Maple Pine Farm: lodging with an independent mind

Such independent enterprises remain true to the environment

Shillong  — It doesn’t take long to spot the green roofs and windmills if you look into the valley. Maple Pine Farm, a small family run Bread and Breakfast, 25 km from Shillong towards Mawsynram, in Meghalaya, blends into its grassy environment, surrounded by a little stream and hills.

A few light blue bodied, green roofed cottages (for lodging) lie scattered on the land after crossing the rock-bridge stream. Two windmills and solar panels line one side of the humble plot. They generate all the power needed to run Maple Pine Farm, which remains unconnected to the Meghalaya power grid. A yellow massage room stands at another spot. A water purifier unit is placed near a common bath, running drinkable water through every tap on the plot, next to a kitchen and common room (welcoming you with the smell of pancakes divine). Friendly dogs and a foal lounge on the rest of the land.

James Perry (51) and Valeriena Perry Syiemlieh (40) built this collection of cottages from scratch. “We were in travel business in the region (North East) since 1997. From 2011, we wanted to offer something different for people, a place where people could stay and then travel to other places based on advice and discussion with us,” says James, a Canadian born in Meghalaya, who feels this is his home. He briefly lived in the Canadian countryside learning how to build.

The Farm was built independently, without any help from the government, allowing the couple, along with their three sons, to host people without turning it into a resort with questionable ethics. Unlike a resort, there are no servants here running behind masters, providing the much needed respite from a tourist industry plagued by class burdens.

Often, the Farm’s visitors are people looking to have a quiet time of introspection, a little family picnic or a time to heal. The sacred groves of Mawphlang lie a short trek away, a walk through which completes the essence of calm.

The cottages are built predominantly out of wood, and have simple-superior interiors (all made and painted by James). Every cottage, with some variation, has a double bed at the first level, with a loft that provides space for two children. Tents are also available on hire. The common room provides for the perfect reading space with soulfully picked music. To top it all off, the food comes straight out of paradise. From its daal-bhaat-aloo lunches to pan cakes-French toast-flower nectar breakfasts, James and Valeriena team up their culinary skills to produce delightful food, meal after meal.

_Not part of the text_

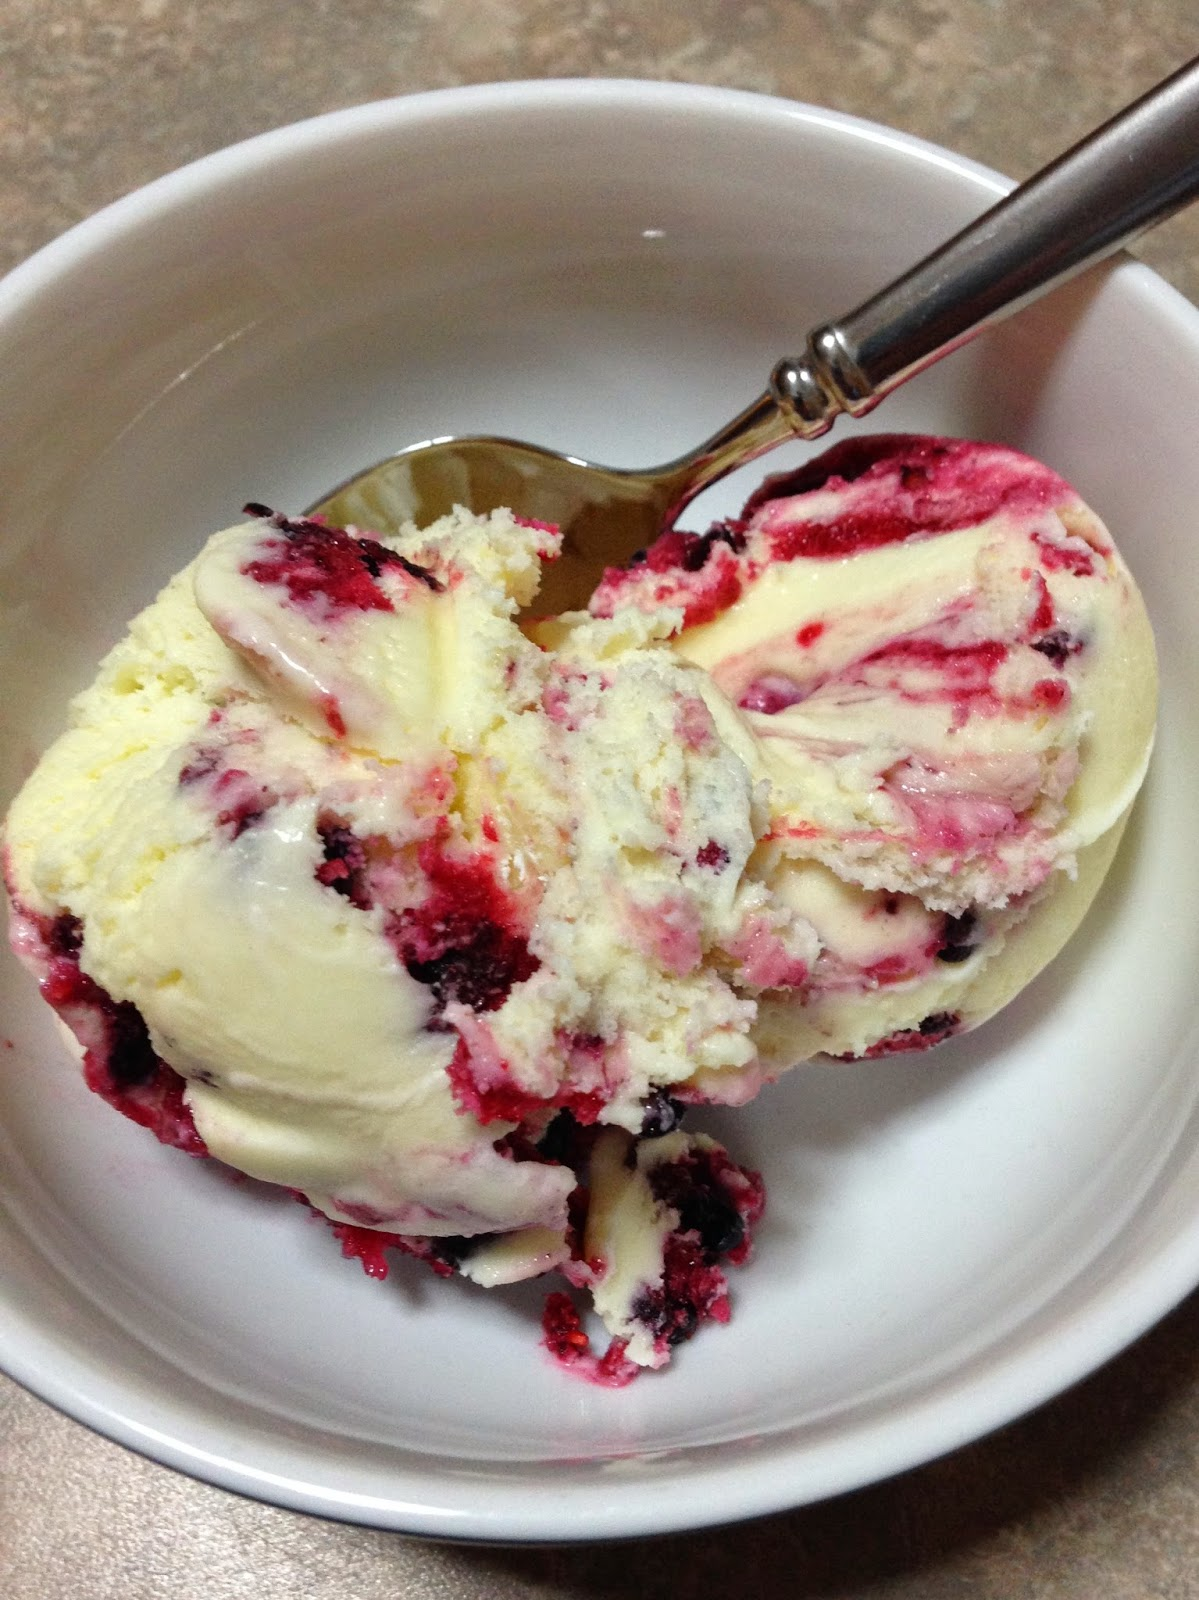 White Chocolae Ice Cream with Berry Swirl: Savory Sweet and Satisfying

Such independent enterprises that remain true to the environment and their sovereignty are hard to come by, with people over-dependent on the government. While there is a place for government subsidies and leadership, the dependence on such should not go too far. “People who see what we have here automatically assume that we got money from the government to build this place. You have people from villages wanting to know how they can do it. We say just start,” says James, who came to live on the land in 2011, and built the first cottage over 2012 and 2013 with whatever finances they had. For this Khasi-Canadian couple, it is time to stop wanting and start giving.

The key to healthy business in the region today, they believe, is “participation and trying to learn and work together.”